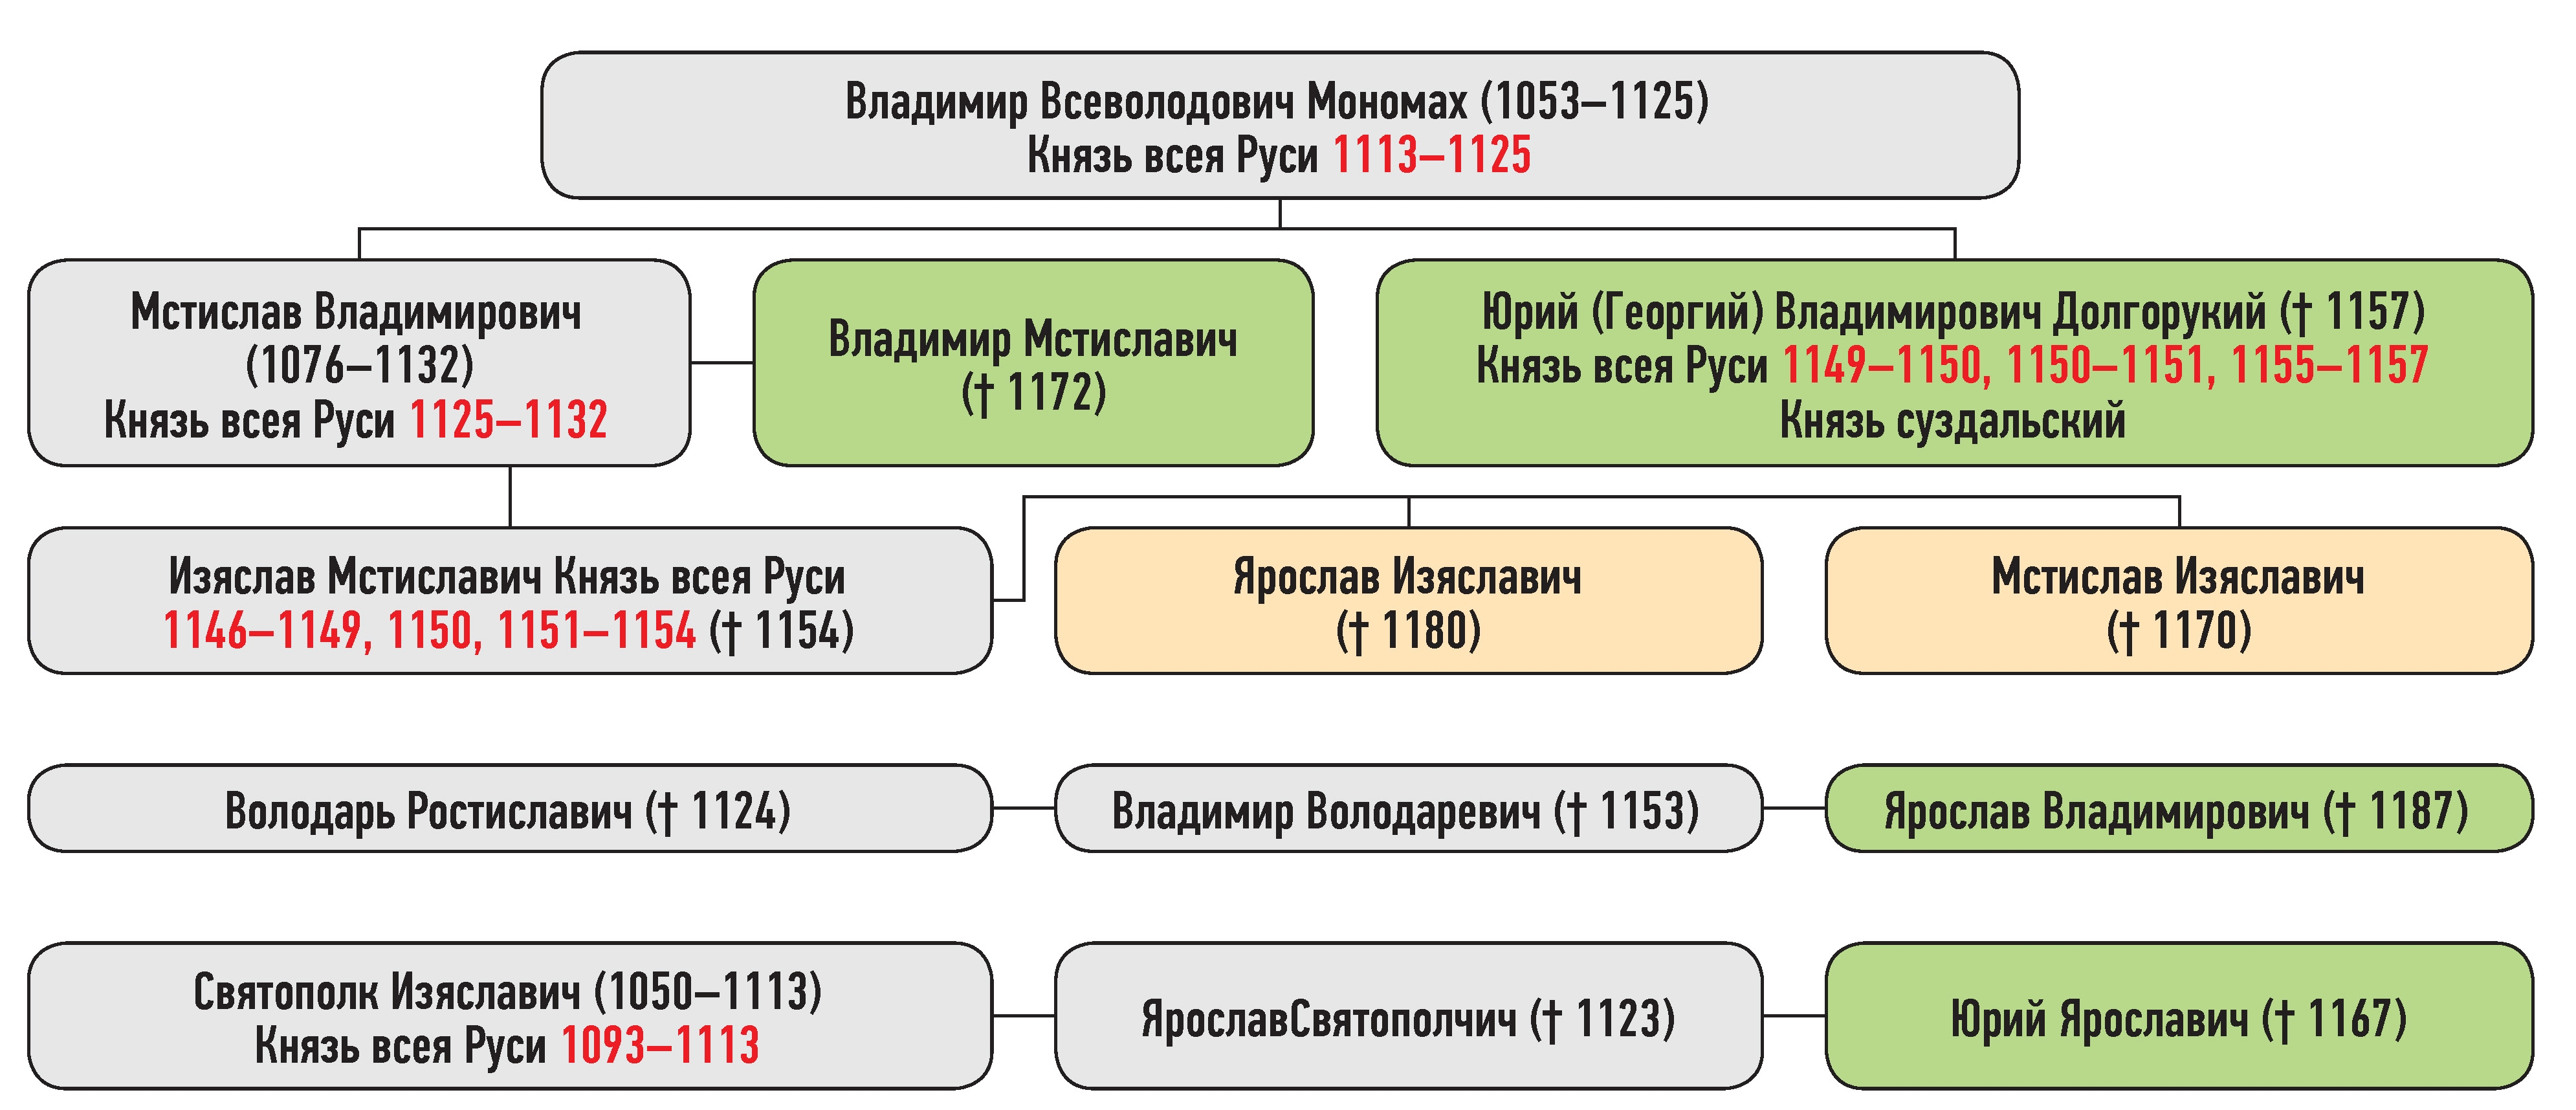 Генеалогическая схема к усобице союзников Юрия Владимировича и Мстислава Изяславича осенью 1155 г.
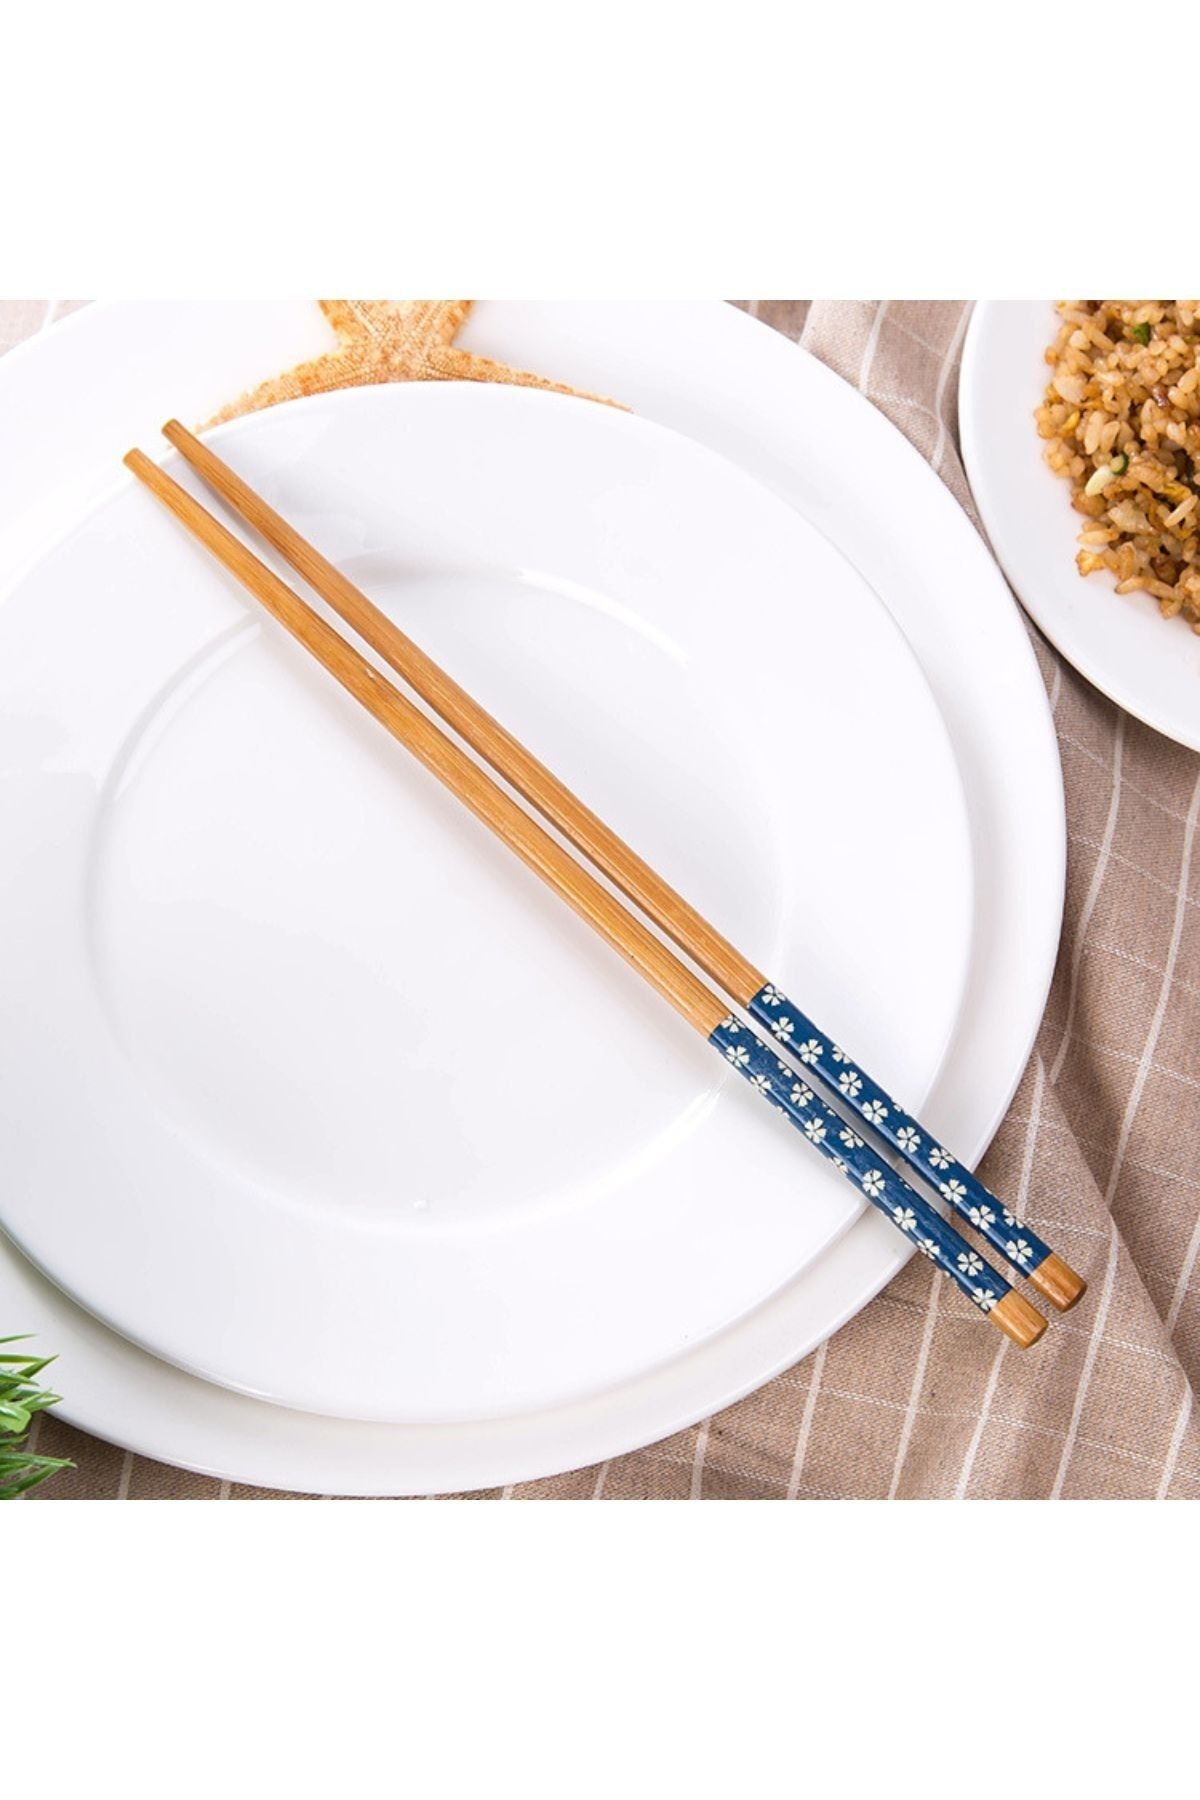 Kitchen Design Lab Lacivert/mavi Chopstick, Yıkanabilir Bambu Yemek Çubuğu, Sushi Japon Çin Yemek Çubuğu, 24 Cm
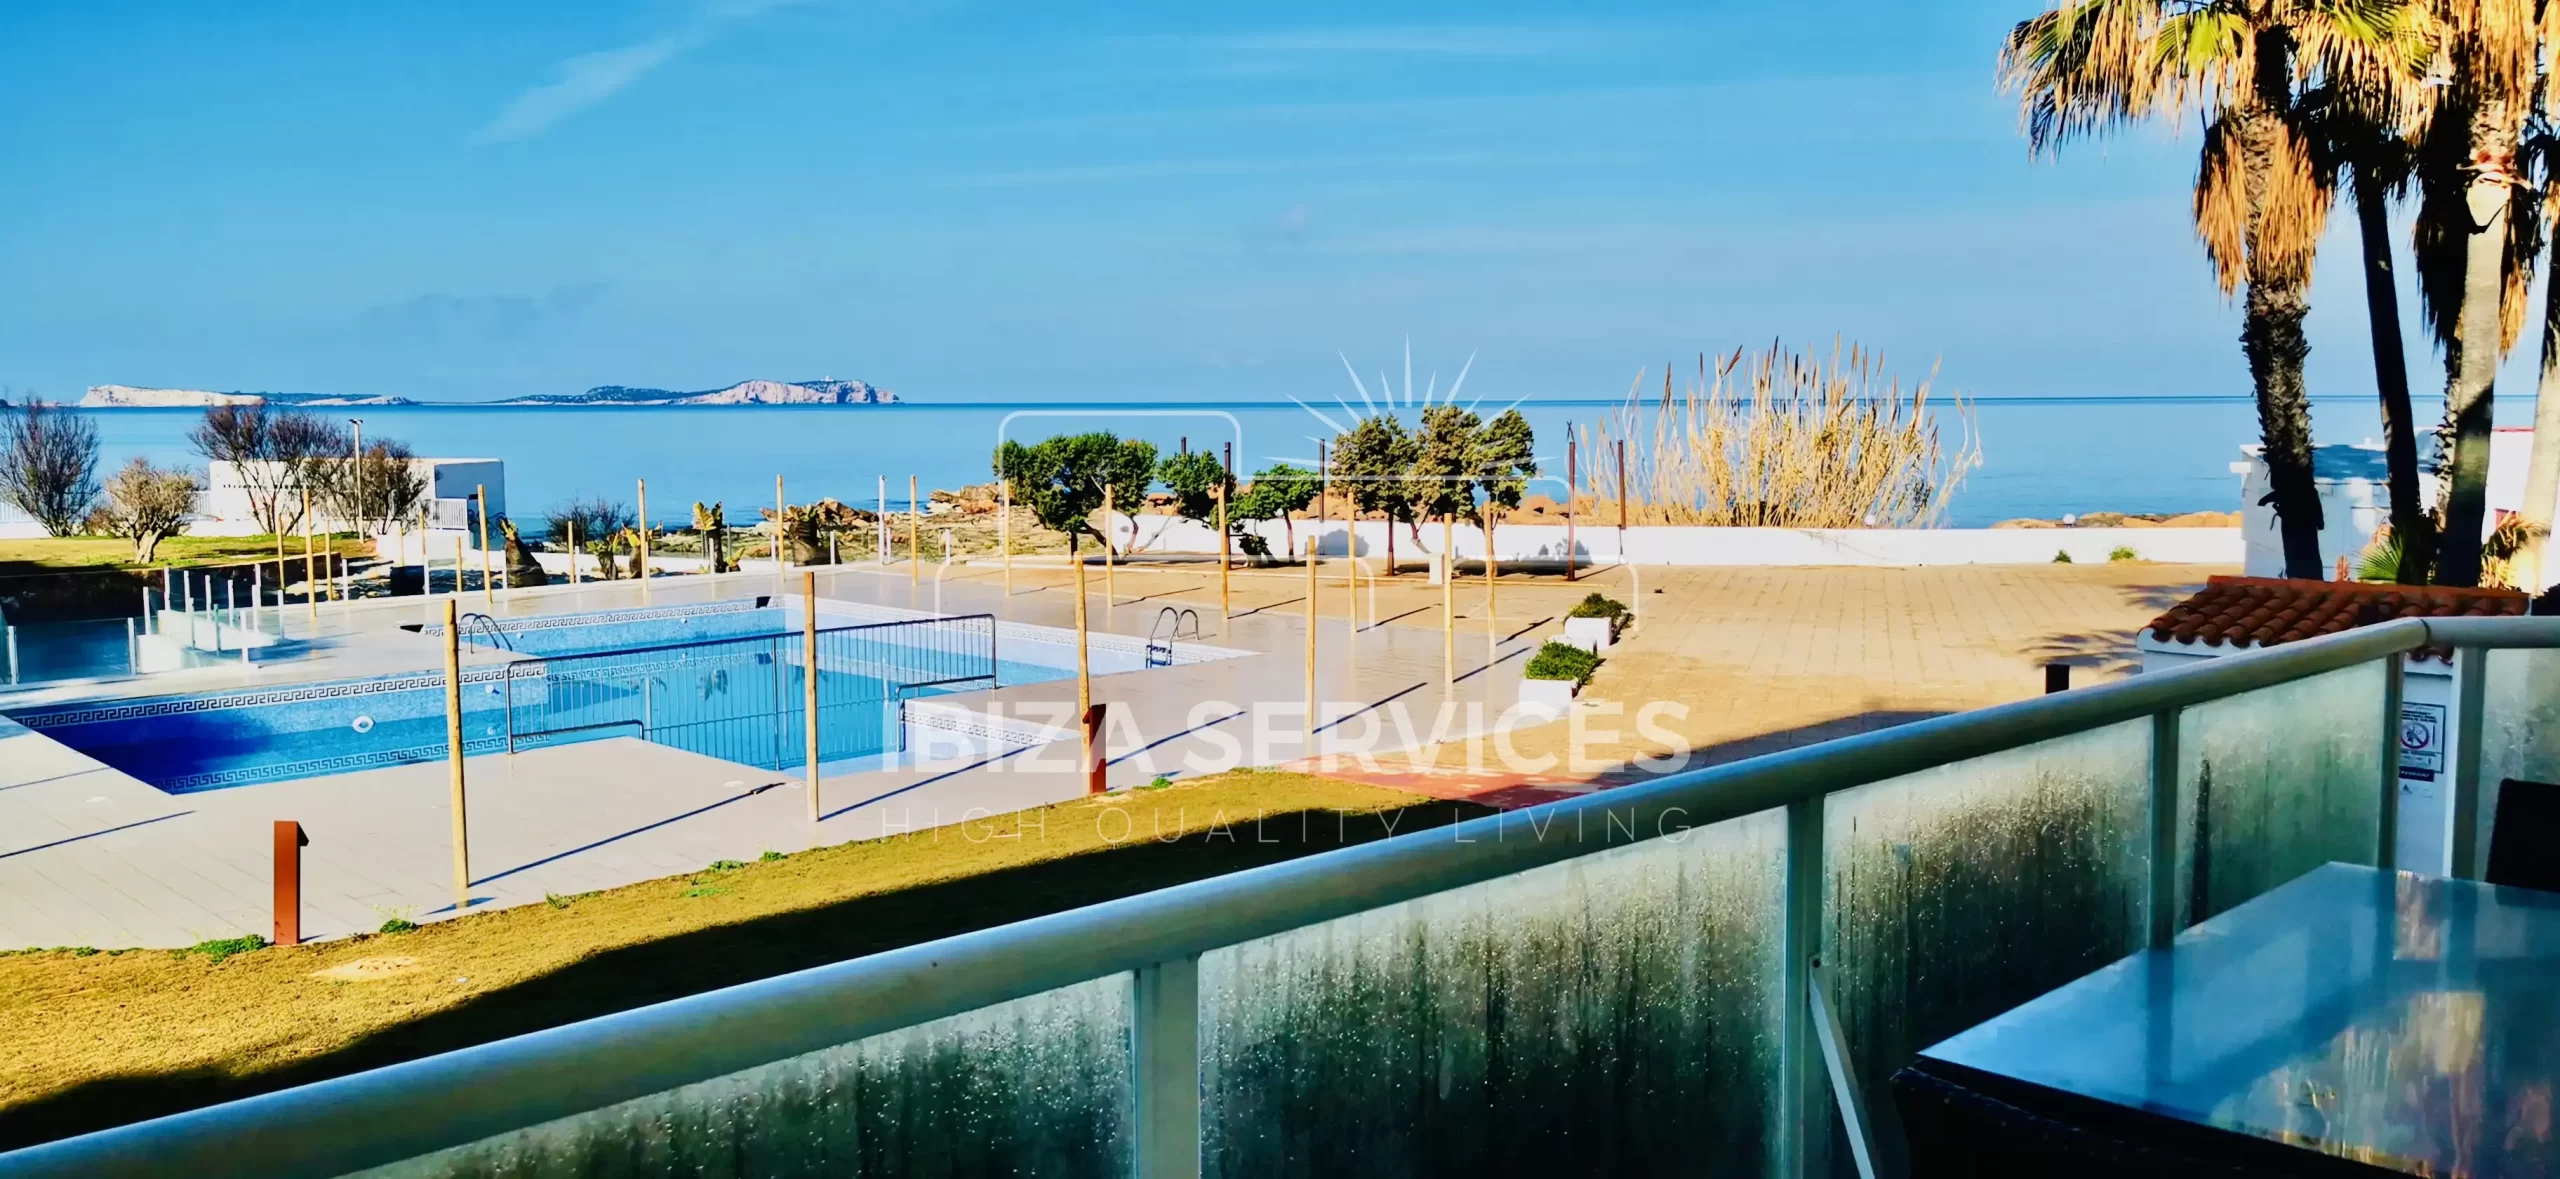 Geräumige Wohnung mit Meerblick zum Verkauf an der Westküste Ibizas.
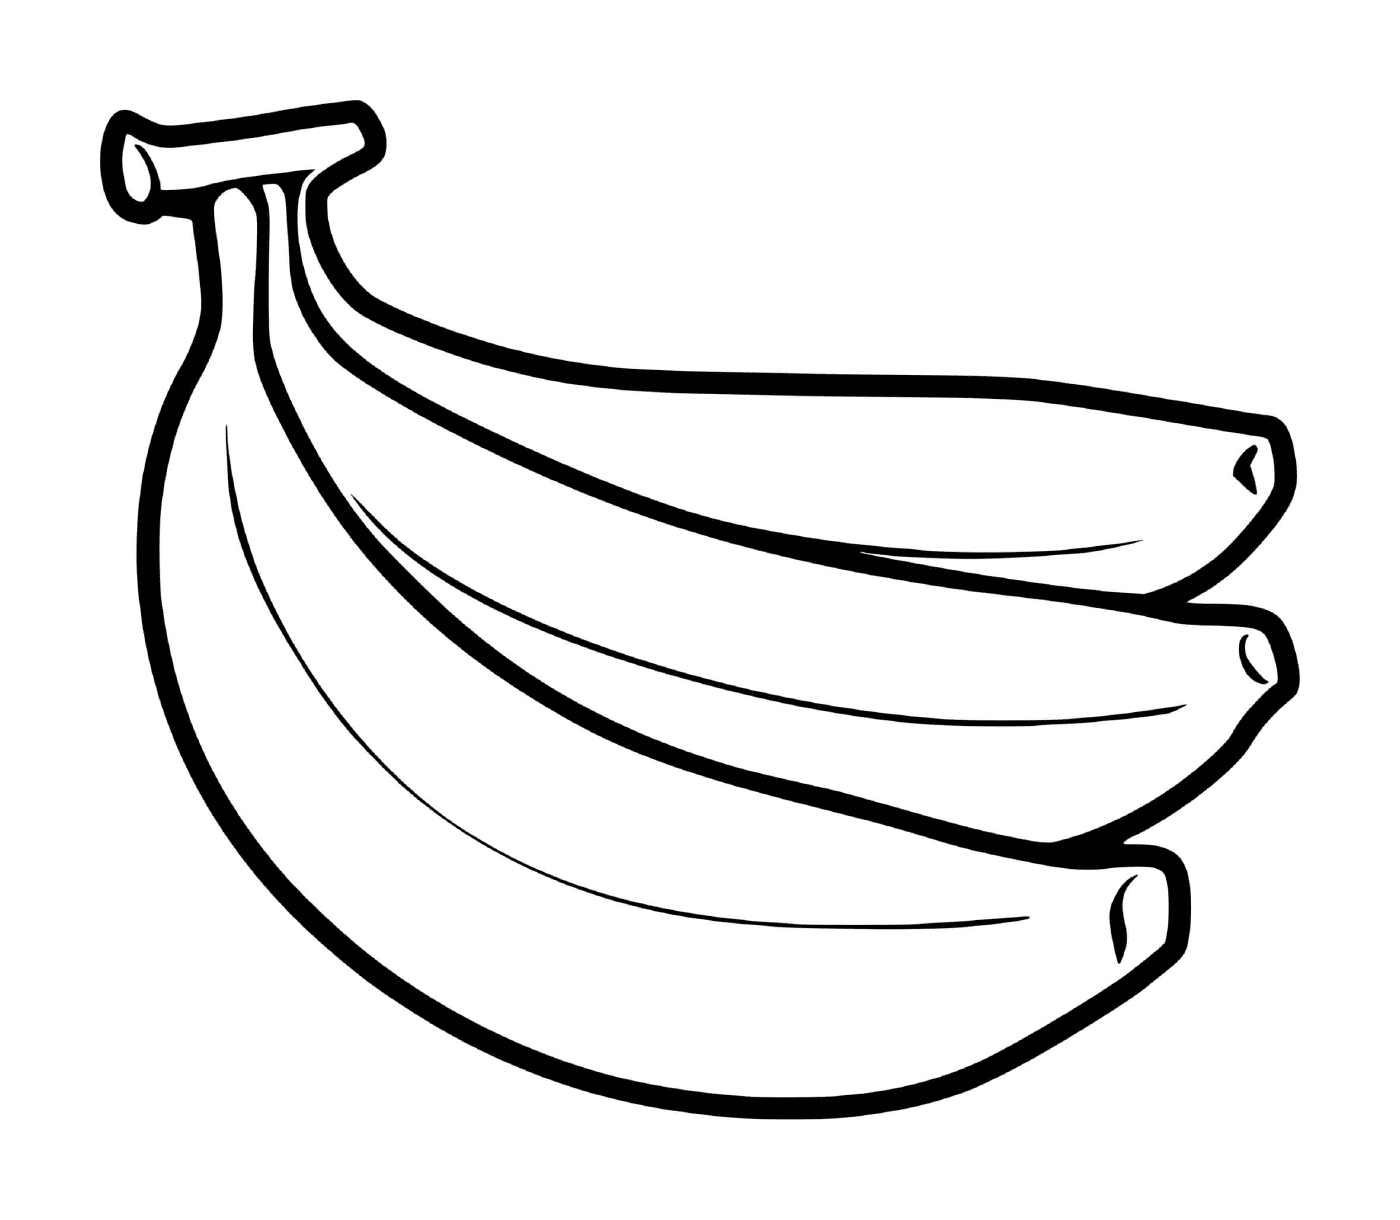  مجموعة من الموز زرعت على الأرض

◇ ◇ ◇ ◇ ◇

Exercise: Reprint the whole listing verbatim except for the pictures.

Answer to the exercise:
 Генеалогическая схема к усобице союзников Юрия Владимировича и Мстислава Изяславича осенью 1155 г.
 Kitchen Design Lab Lacivert/mavi Chopstick, Yıkanabilir Bambu Yemek Çubuğu, Sushi Japon Çin Yemek Çubuğu, 24 Cm
 Geräumige Wohnung mit Meerblick zum Verkauf an der Westküste Ibizas.
  مجموعة من الموز زرعت على الأرض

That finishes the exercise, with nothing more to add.